Destination Downtown

What’s going on here?

The Great Recession, perhaps fading at last into our economic history after 18 months, has laid waste to the nation’s financial markets, housing markets and, before it’s all over, perhaps commercial property markets as well.

To be sure, it left its mark on the effort to rebuild Downtown Kansas City, too.

And yet …we continue to see a solid measure of progress on what most certainly remains a work in progress. Underpinning that progress is the commitment this region’s builders, bankers and developers and more have made to building the kind of critical mass Downtown would need to remain viable.

They made it a nicer place to live. In large part, that meant creation of housing stock from nearly the ground up. Or, given the rehab nature of much of the work, from the warehouse floor up. Today, the far-and-away leading category of improvements in the core involves residential projects. At $965 million to date, the area has seen thousands and thousands of condos and apartments come on-line. That’s 2½ times the size of the next largest single project, the massive IRS Regional Service Center, which weighed in at $370 million.

And that critical mass has helped change everything. For one, it gave Downtown a population base that would be here on the weekends, after the workday crowd and many of the conventioneers have gone back home. It created a demand for restaurants, nightclubs and retail outlets, and gave the cultural institutions clustered there access to a pool of ready customers.

Well before the sledge hammers started swinging in those remodeling efforts, Ingram’s Magazine realized what was starting to happen here. And where that could take not just Downtown, but the Kansas City region as a whole. We saw how the power of an informed populace could help drive interest in, and success in, the Downtown revival. Thus was born the annual Destination Downtown series, in which we take an in-depth look at the community’s progress toward rebuilding and renewing Kansas City’s Downtown.1

Have there been setbacks through this economic gauntlet? Absolutely. But this community is chock-full of the kinds of nimble business leaders who can wheel on a dime, improvise, adapt and overcome. Case in point: When the housing markets crashed, taking down demand for condominiums, developers of works in progress reacted by finishing out their projects as apartments, in some cases with smashing success.

And yes, the Sprint Center, now two years old, still lacks the anchor tenants that many had hoped would bring thousands of urban dwellers and suburbanites Downtown dozens of nights a year. That, combined with the effects of the recession, has made it tougher for many of the businesses in the adjacent Power & Light District than it otherwise might have been. But those owners and operators, as well, are a resourceful lot.

Surprisingly, more construction is going on right now in the Downtown area than any time in the previous two years. Block by block, project by project, Downtown continues its revival as the major cultural and economic force not only in the metropolitan area, but throughout the region.

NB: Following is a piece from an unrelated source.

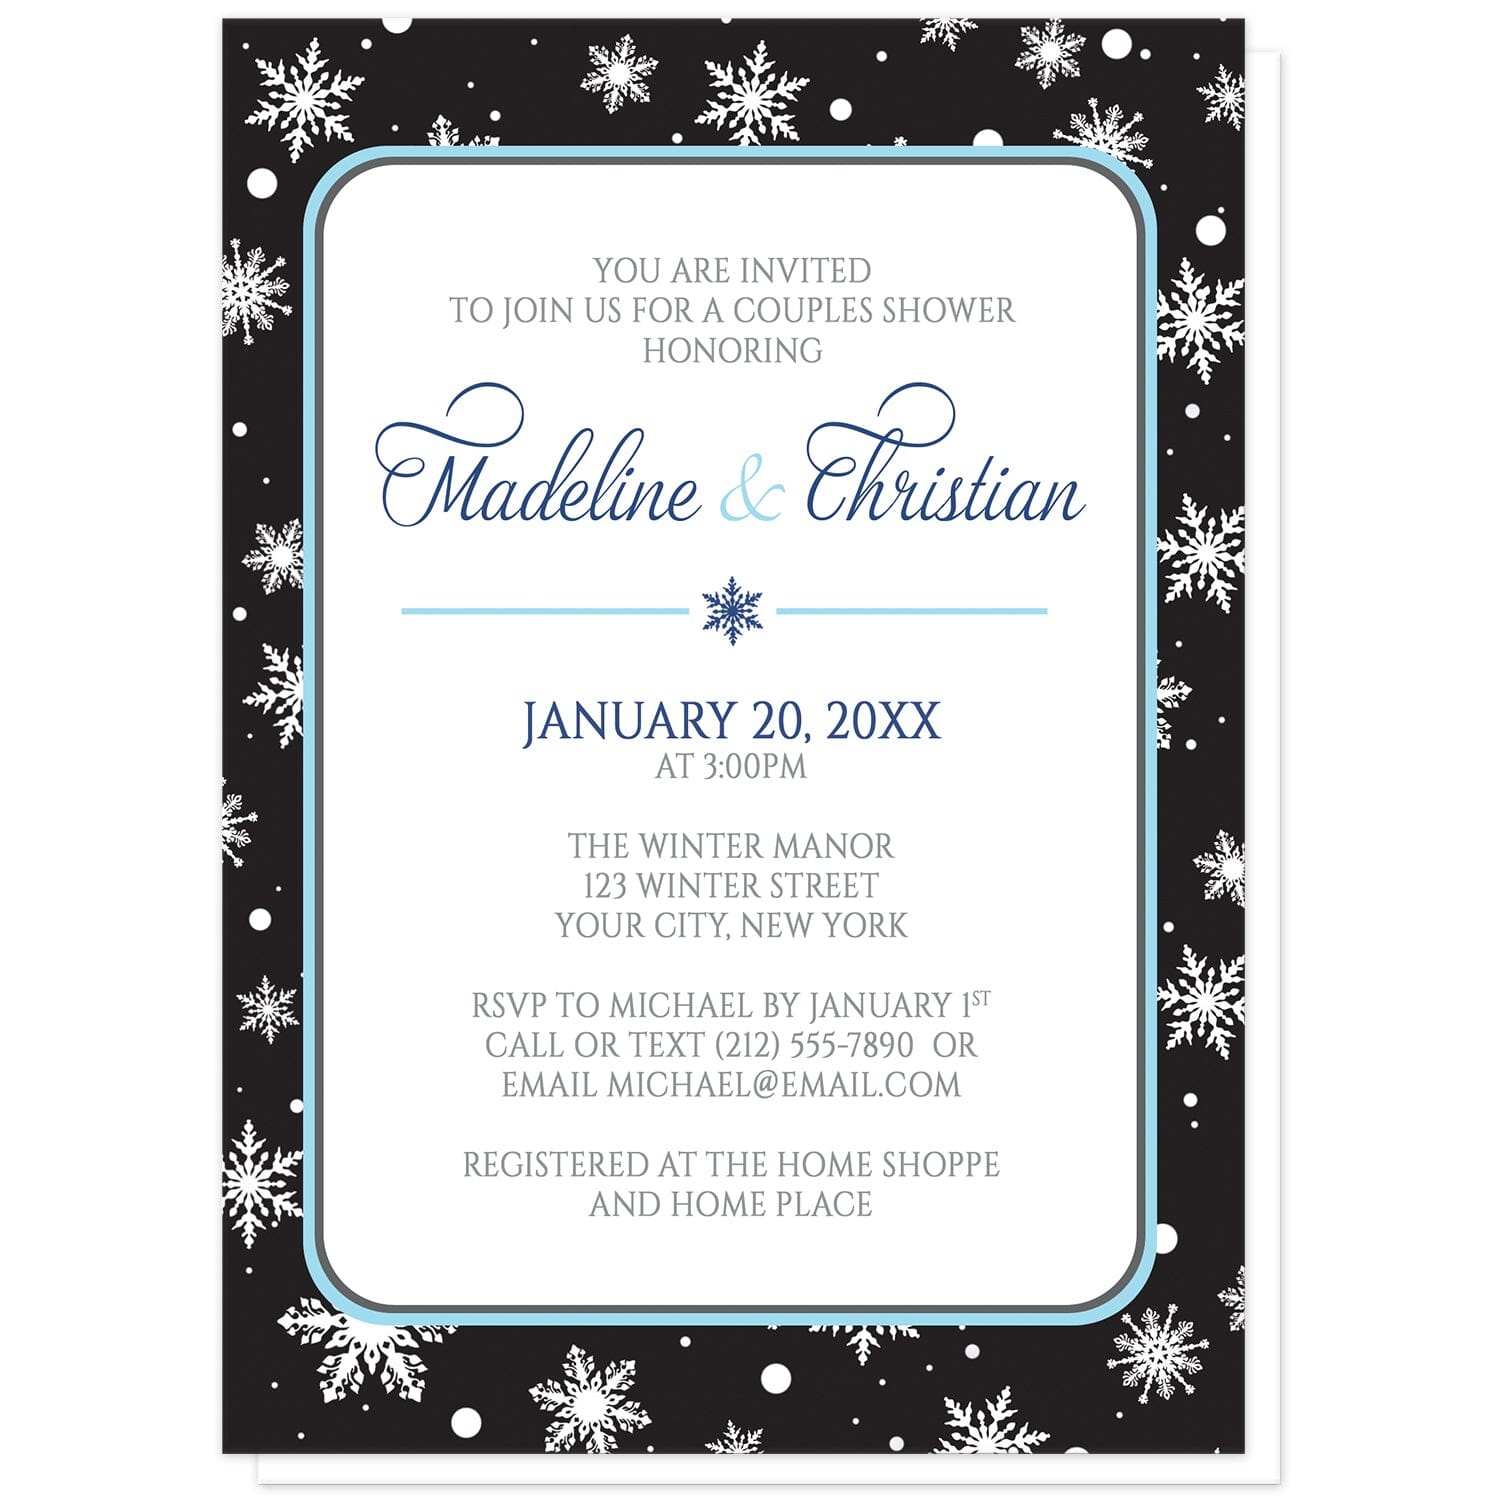 Midnight Snowflake Winter Couples Shower Invitations at Artistically Invited. Midnight snowflake winter couples shower invitations with white snowflakes over a black background. Your personalized couples shower celebration details are custom printed in navy blue, aqua blue, and medium gray over a white rectangular area outlined in aqua and navy blue.
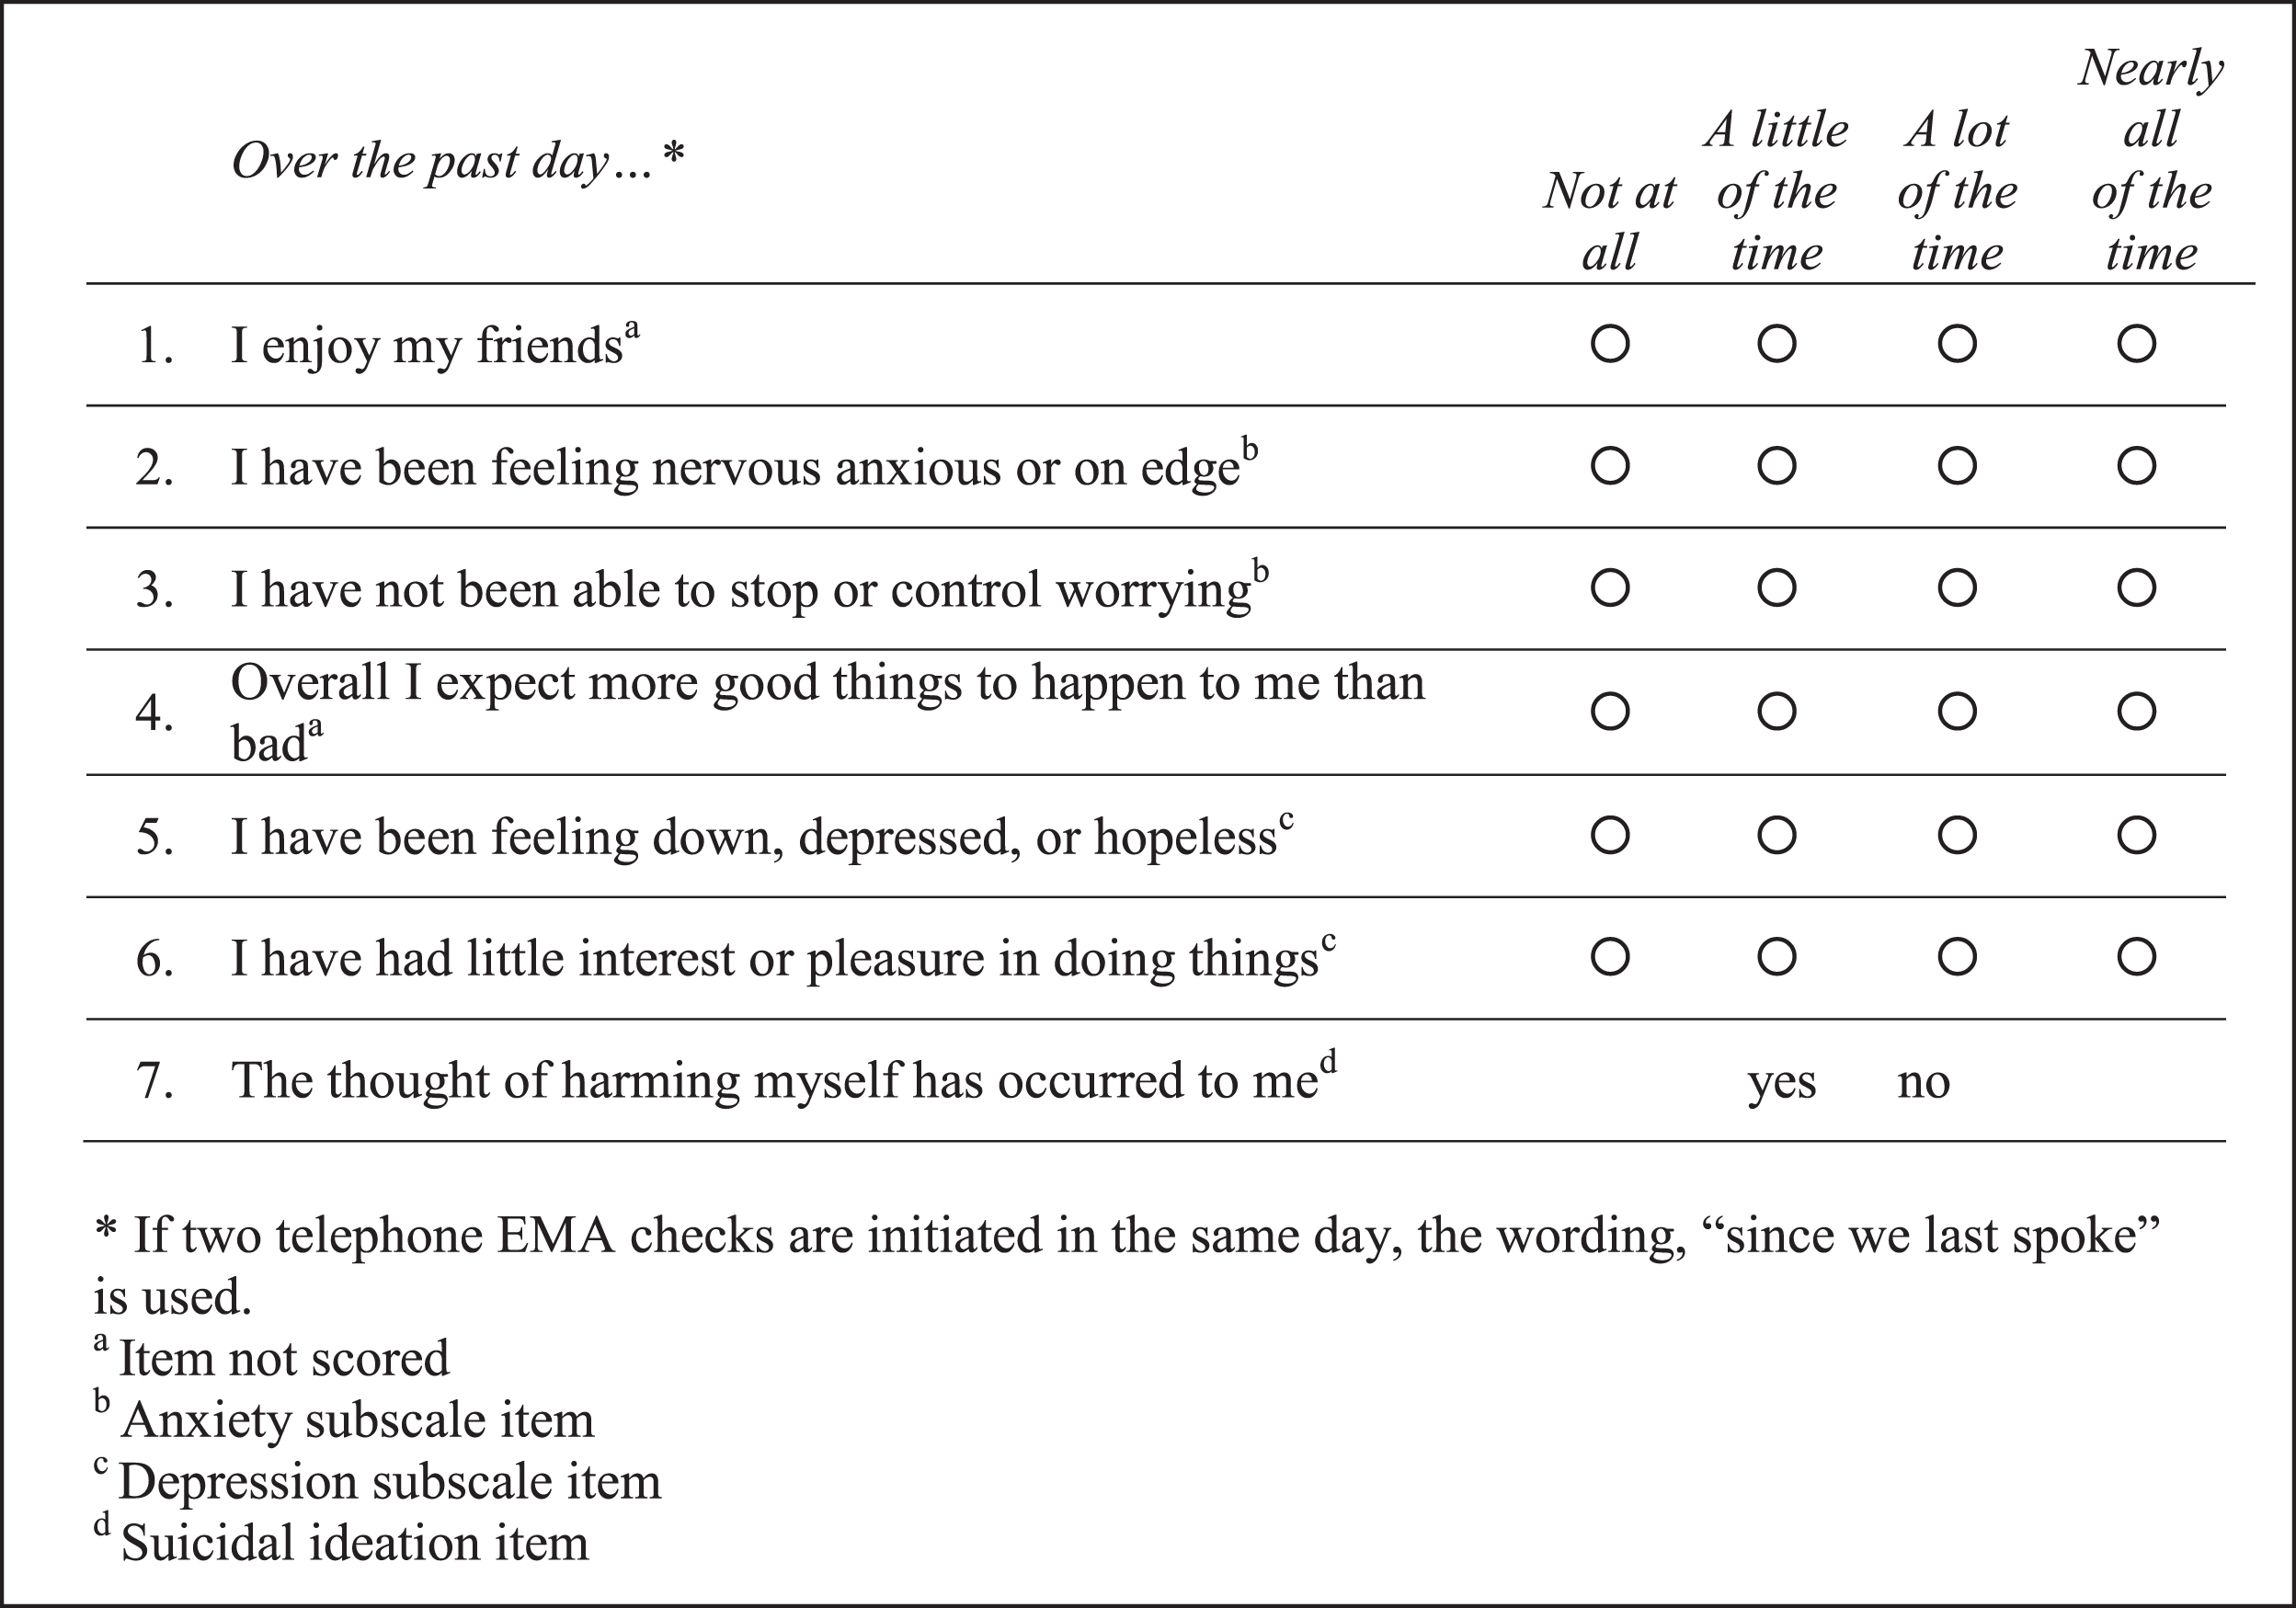 Ecological momentary mood assessment questionnaire items.

Critics attack the timetable for success and the tactics for getting there. But the long-term strategy remains in place: Complete the Downtown renaissance, and do it right. We learned after World War II how quickly a major urban center could whither to near irrelevancy. After more than $5.2 billion in investment and too many man-hours to count, too much has transpired over the past decade for the city to give up now, with so many of its goals achieved and so many others within sight.

This section is dedicated to the proposition that a little perspective is a wonderful thing. So place the report herein up against the memory of what Downtown was a little more than a decade ago. And keep in mind: more work remains.

Kansas City, consider this your rallying cry.